§ Data excerpt

- - - -

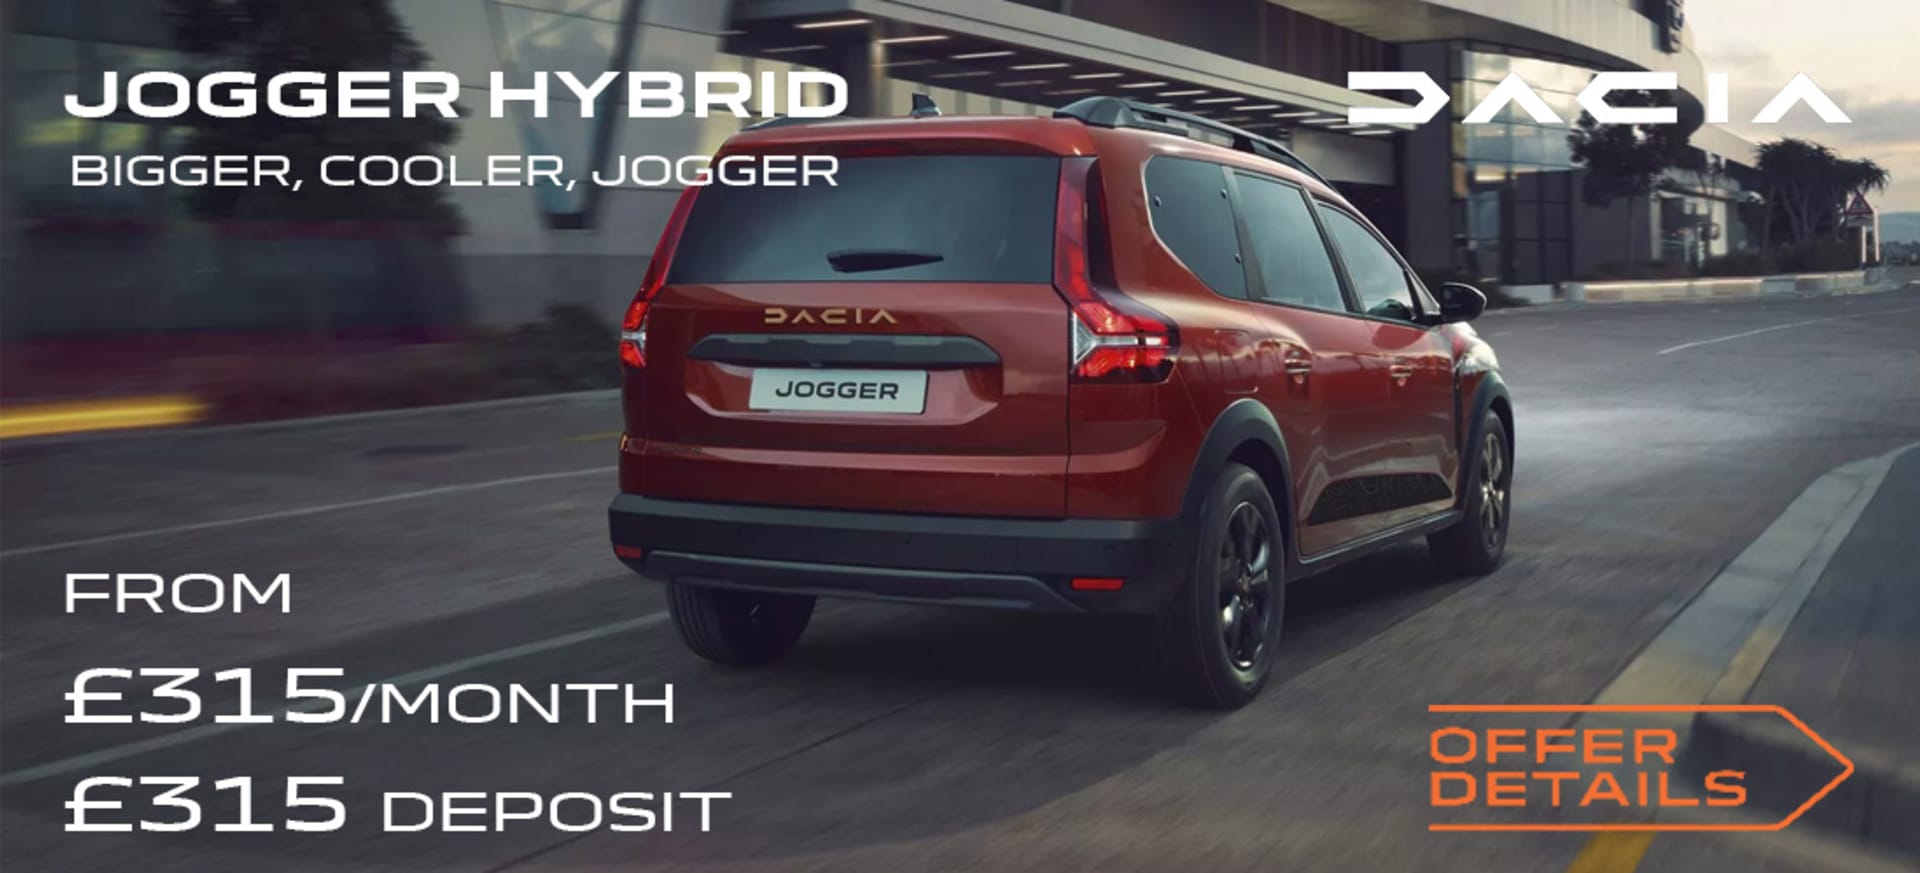 Dacia Jogger Hybrid Offers
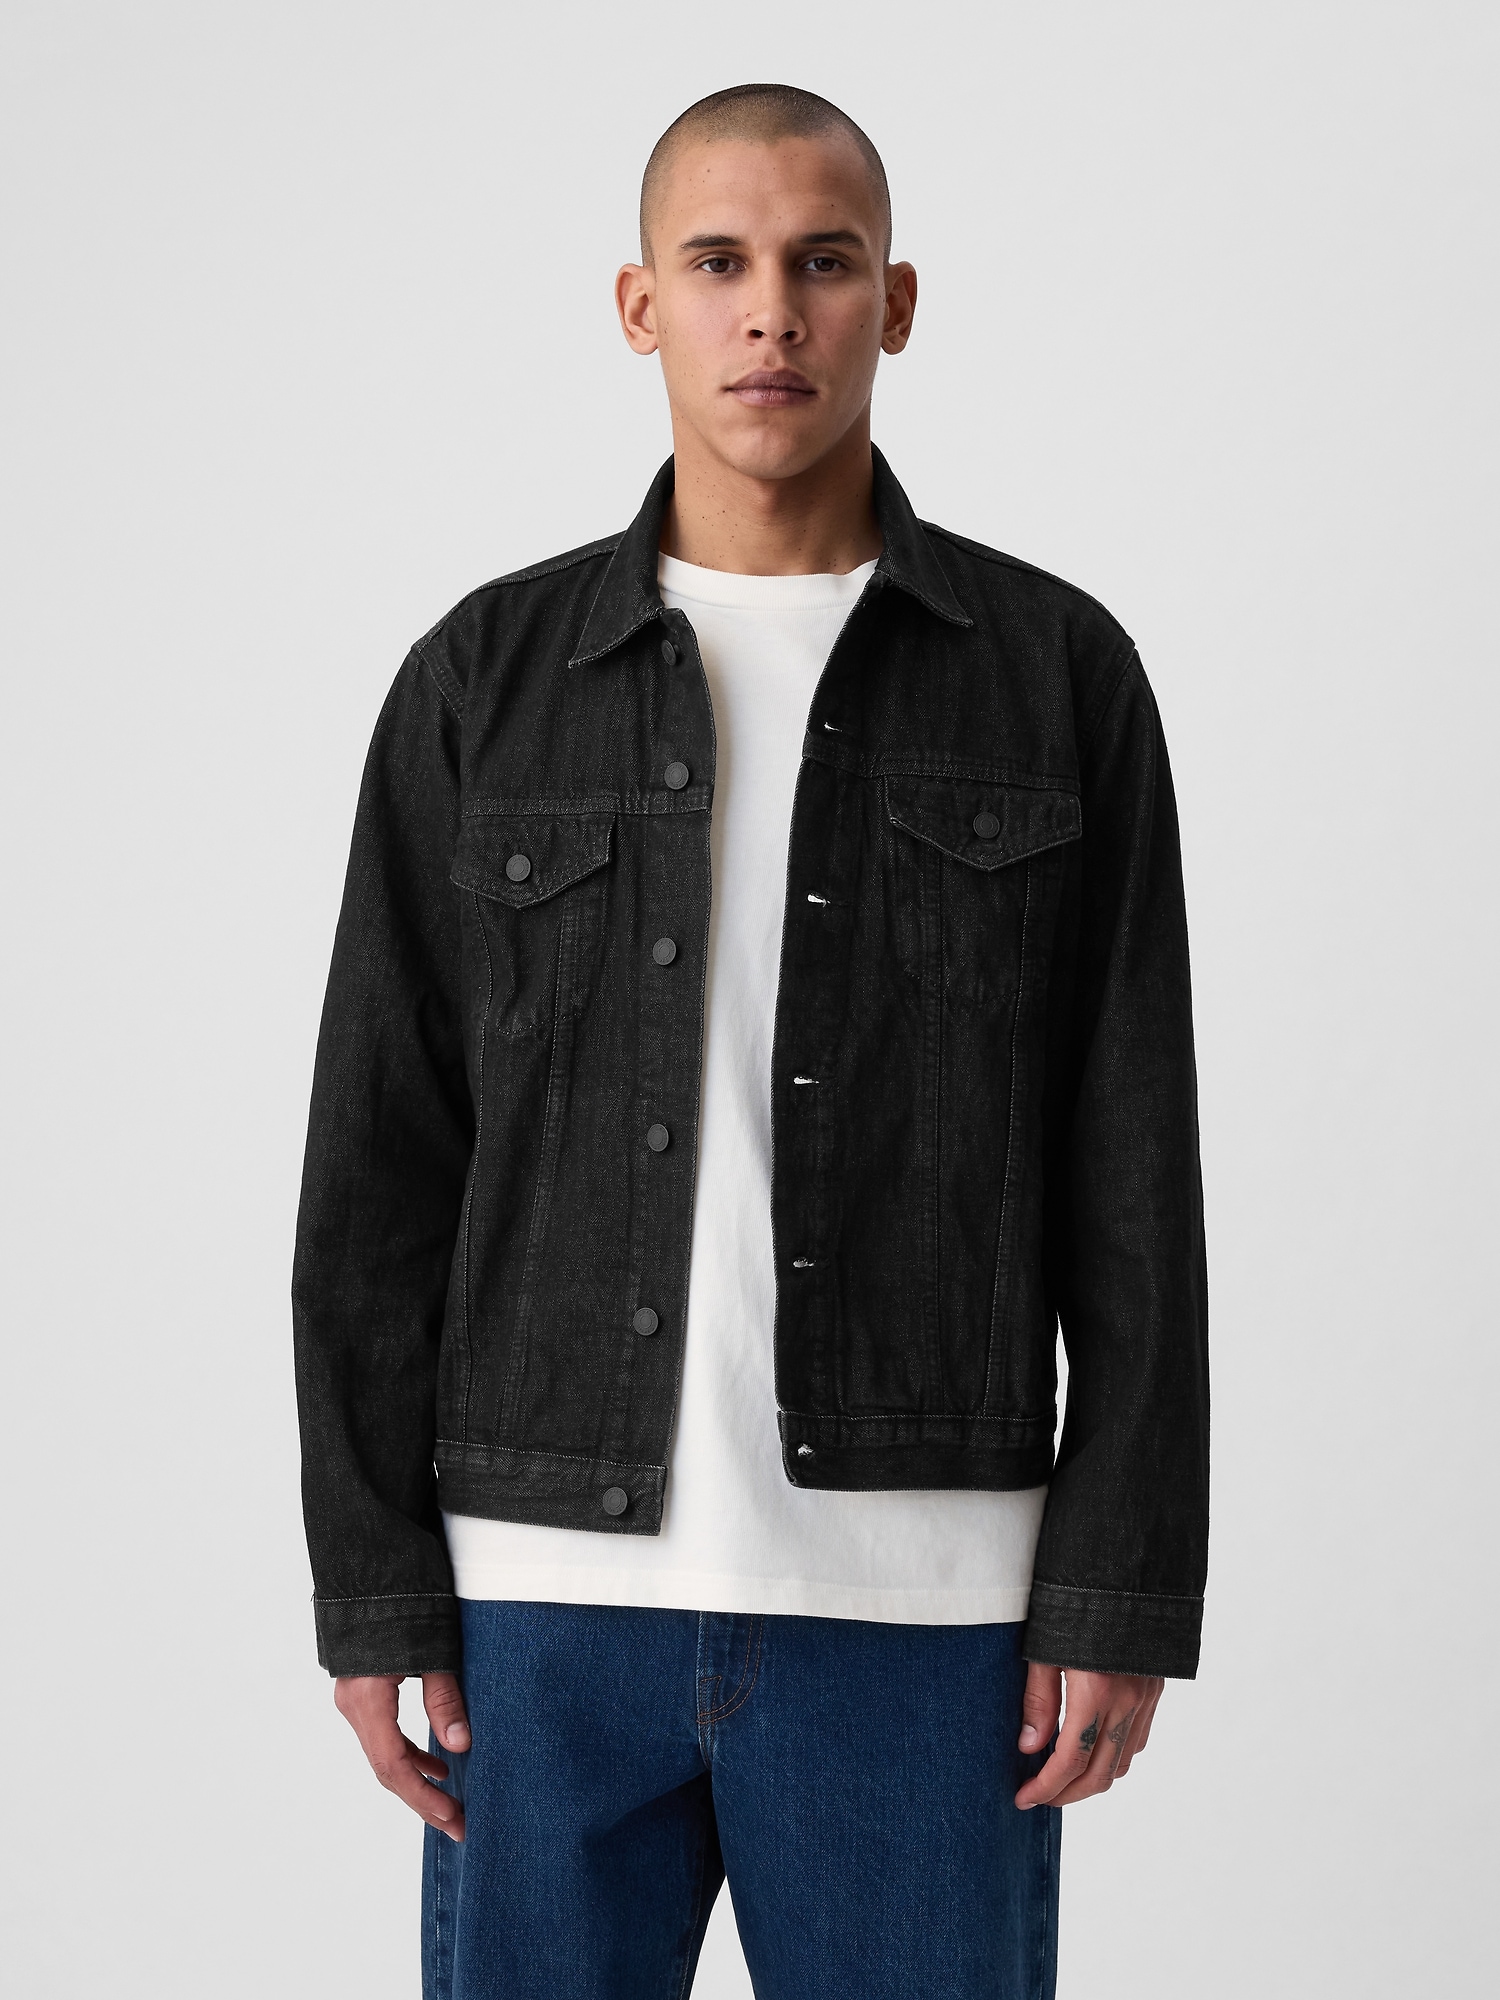 Trucker Jacket | Black denim jacket men, Black denim jacket outfit, Denim  jacket men
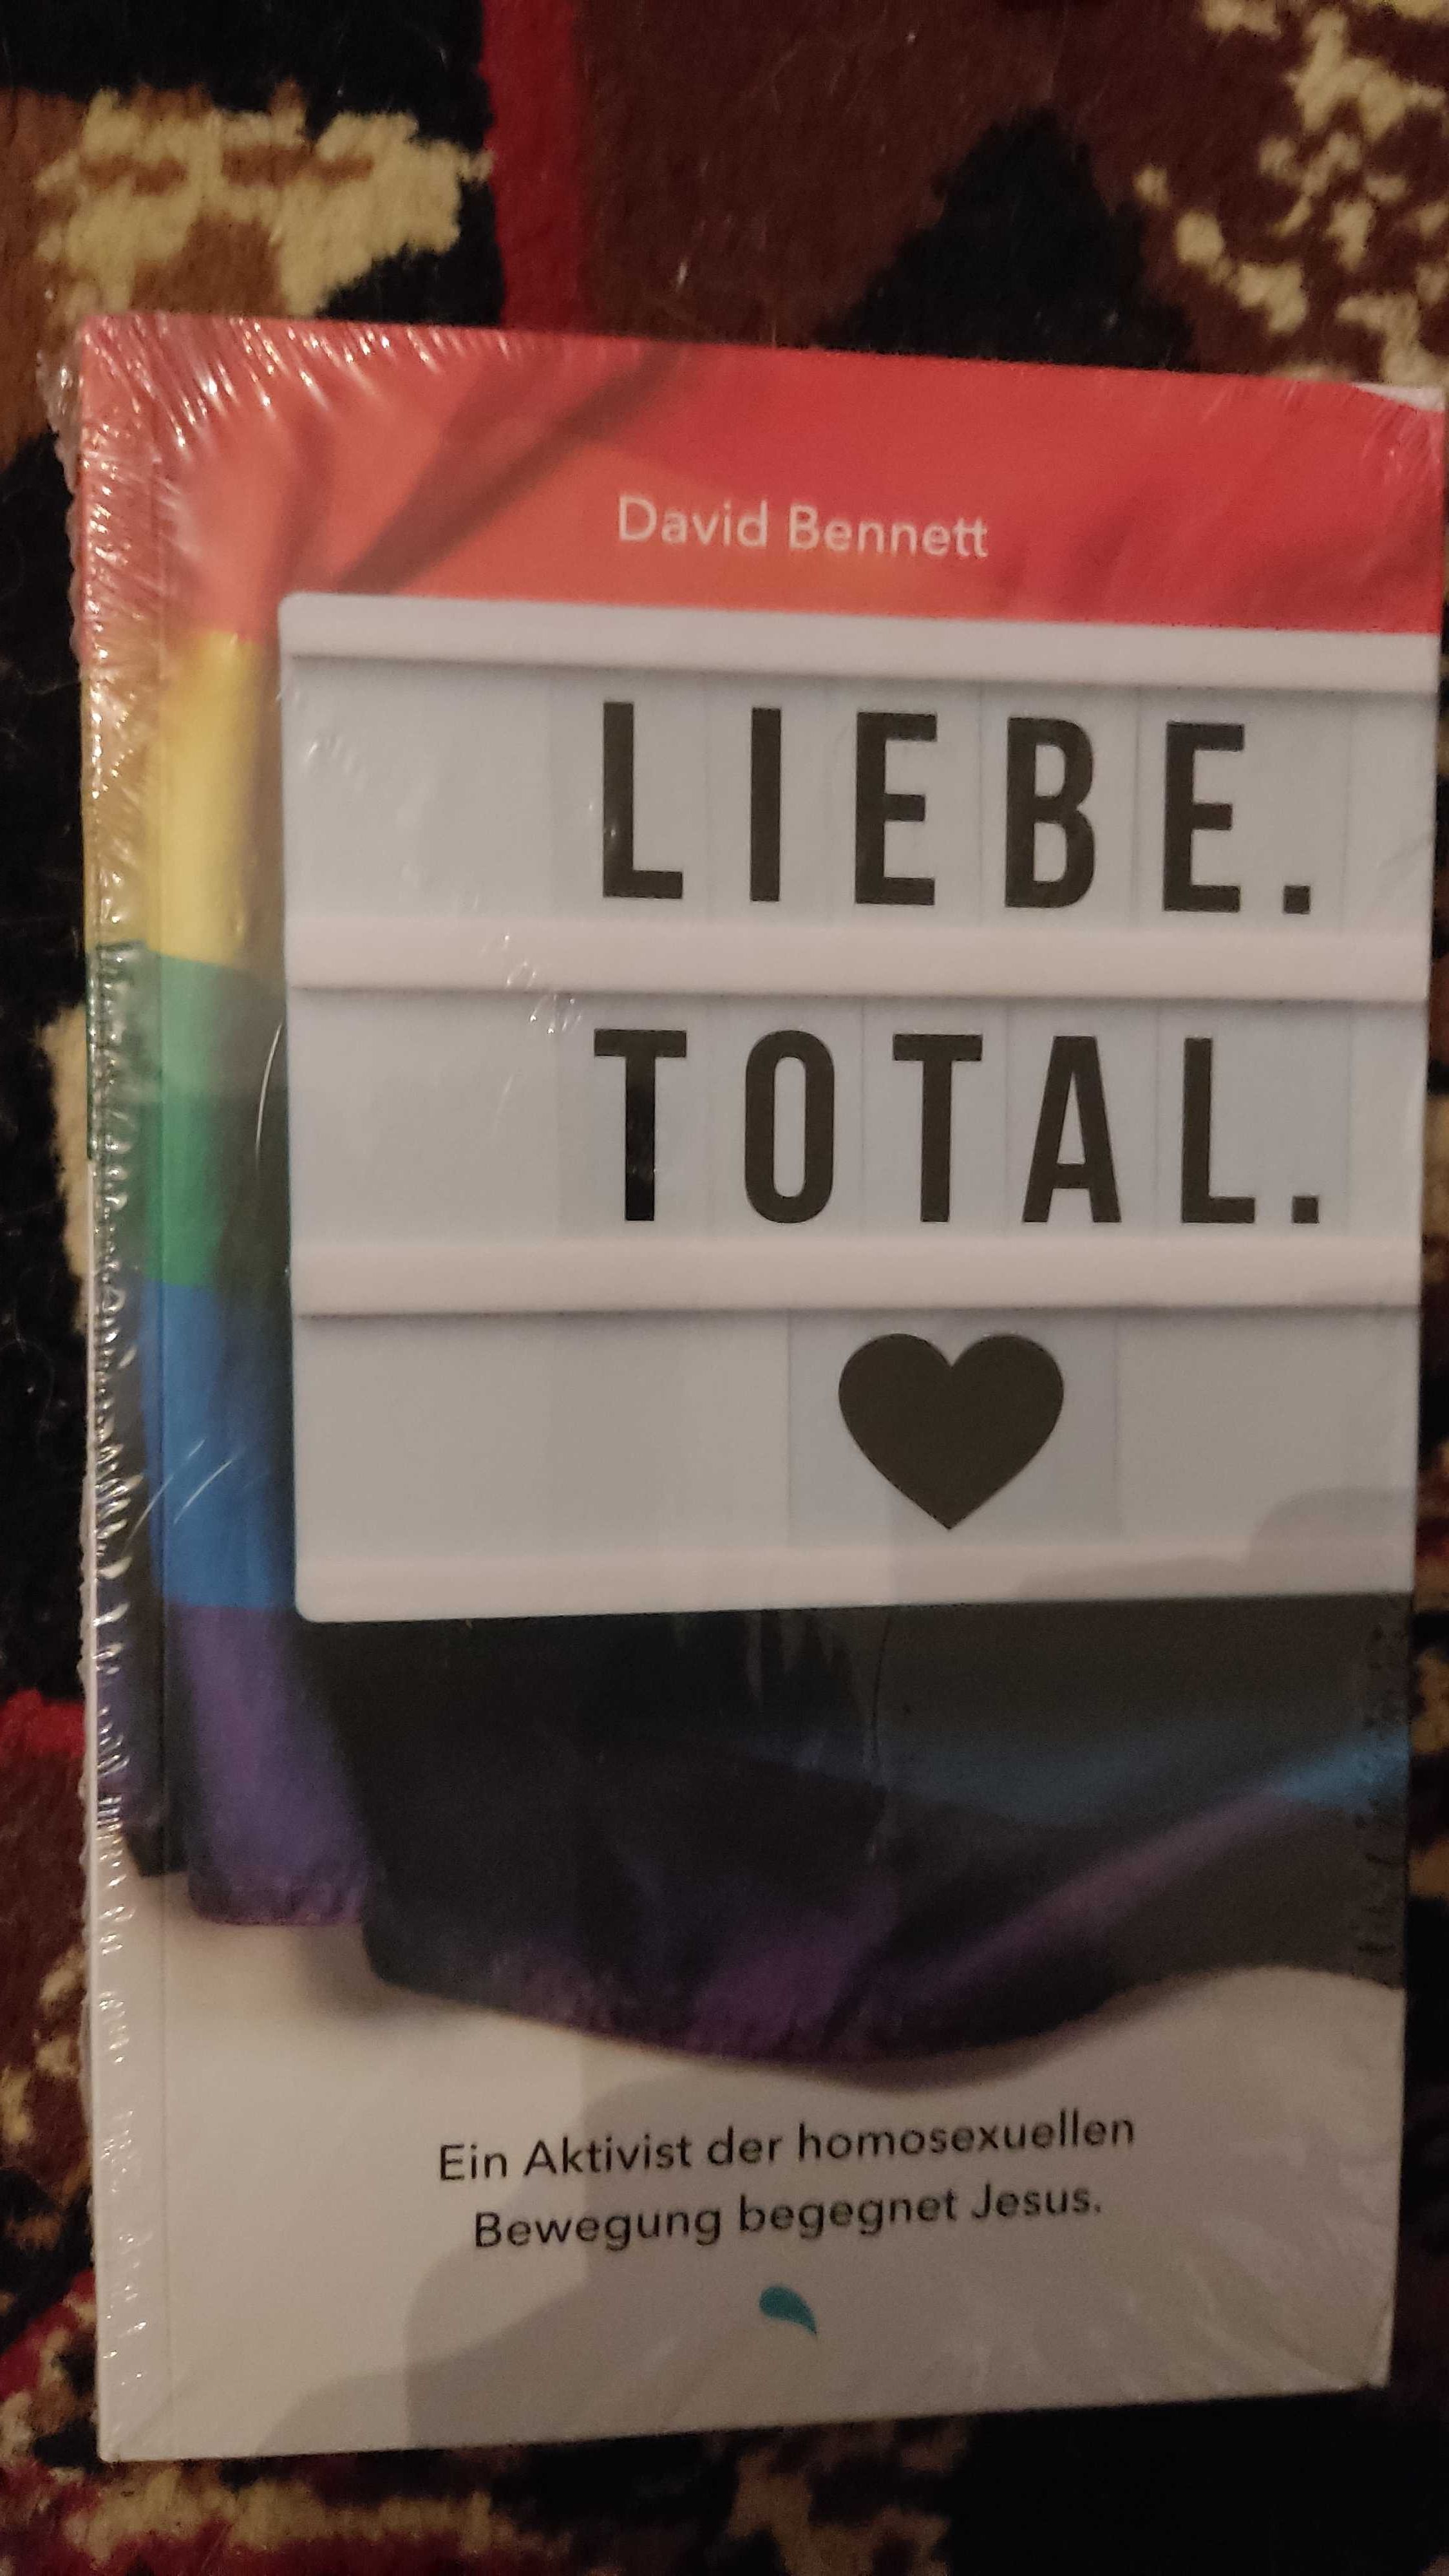 Książka po niemiecku

- - - -

§ Work required
Retype the data above exactly. Do not carry over any images.

§ Solution for this problem
 Dacia Jogger Hybrid Offers
 Trucker Jacket | Black denim jacket men, Black denim jacket outfit, Denim  jacket men
 Książka po niemiecku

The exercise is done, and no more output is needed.